A7LPHA’s plans for “realignment” are two fold. There’s the old fashioned way—their bars “setting fires with the hopes of no survivors,”—but also Dose and ‘Zo realize the rappers they’ve set their sights on, and earthlings in general are, “taxed and hunger under a metric ton of mass.” We are so trapped in a Sisyphean dance, “up against what you can never afford / but will do almost anything for,” that they can let us do some of their work for them. Given enough time humanity will crumble all by itself.

The album flies towards its gory conclusion. Bars warp in hyperspace, skulls break through decomposing flesh like suns over an unfamiliar horizon, until on “Hand 2 Hand” the attack begins. Mestizo starts, “banging rocks together making dangerous fire,” bludgeoning rappers and bystanders with his expertly measured flow. Dose comments on death’s inevitability (“Grubs eat grandpa’s guts through cracked caskets / that’s how it is, with be and you has been”) before dealing it out in a violent blur. The second act of this one-sided battle, “Hater Hate It,” begins when Dose triumphantly, “roll[s] up in a hater-skin jacket / with a matching hater-skin hat,” and escalates in intensity through one of Mestizo’s best verses on the album until everything in sight has been vaporized.
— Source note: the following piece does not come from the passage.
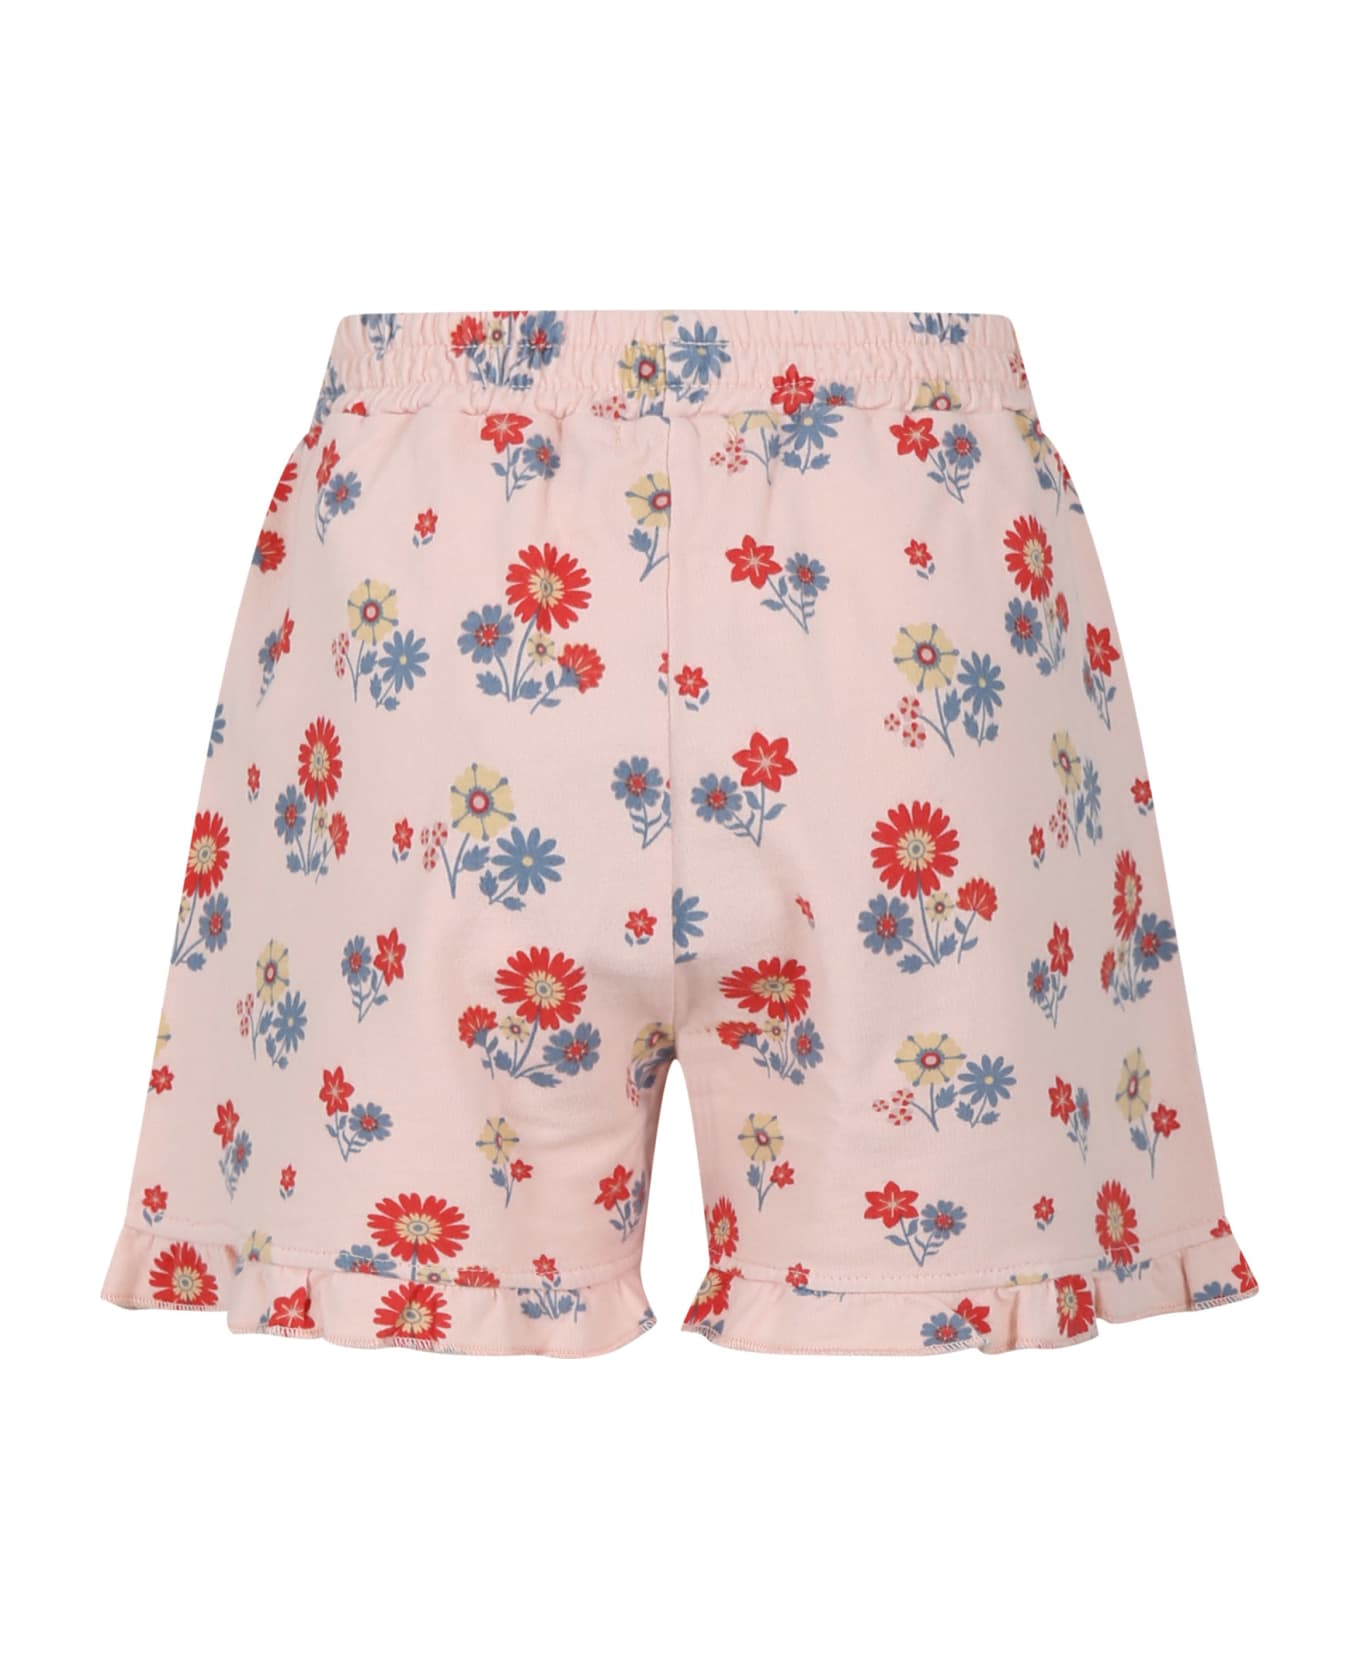 Coco Au Lait Pink Shorts For Girl With Flowers Print - Pink

It’s a good thing Dose has constructive, even fashionable, plans for what to do with haters, as A7PHA will see more than it’s fair share. The album is brutally difficult to crack. Its effect-drenched lyrics buffet the listener like solar wind, and its harsh aesthetic is so completely original it will no doubt wrong-foot many of those brave enough to face it. I urge you to keep fighting, and to don headphones for your struggle. Deciphering A7PHA’s coded messages is highly rewarding. Each successive listen reveals more subtle nuances in the chaos, more brilliant variations on tropes otherwise grown stale.

The album’s final track “Kingdom” might be its most accessible to those struggling with A7PHA’s unique brand of sci-fi necromancy. “Kingdom” opens as a tongue-in-cheek epitaph in the wake of all the murderous verses the album has wrought thus far. The vocal effects loosen their grip, allowing Doseone’s prowess as a writer to dazzle with darkness as he explores the freedom from suffering dying provides: “Death the only place Capitalism is not / Look at you / one palm-tree-free wild isle in a sea of rot.” He describes searching for meaning in life as, “projecting balance on mayhem,” dolling out an alien eye-roll at, “all the toil and tooth brushing of dust / off of giving a fuck it must take,” for humans to engage in the menial hassles they endure before their inevitable demise. Mestizo then swoops in to revisit A7PHA’s bloodthirsty tendencies one last time, before shouting out rapper and friend Cadalack Ron, who passed away during the recording of A7PHA. Zo’ ends the album with the line “Rest in power,” a fitting end for a record that orbits death so tightly.

There’s a moment on “Kingdom” where Doseone sums up his positive take on death with the line, “I got 99 problems, but my corpse got none.” Here Dose is at once reverently dapping-up the grim reaper with one hand, while sculpting hip-hop memes into something serrated, fresh, and totally his own with the other. This is a perfect microcosm of what A7PHA have managed to do throughout their debut. Vicious, dark, and bold, Mestizo and Doseone’s record is like nothing heard before on this planet. From a perspective heretofore foreign to this galaxy they inspect humanity’s ultimate fear, bending conventional styles to their unconventional whims with a matter of fact force not unlike gravity. If the apocalypse ever does occur, lets hope it sounds like A7PHA.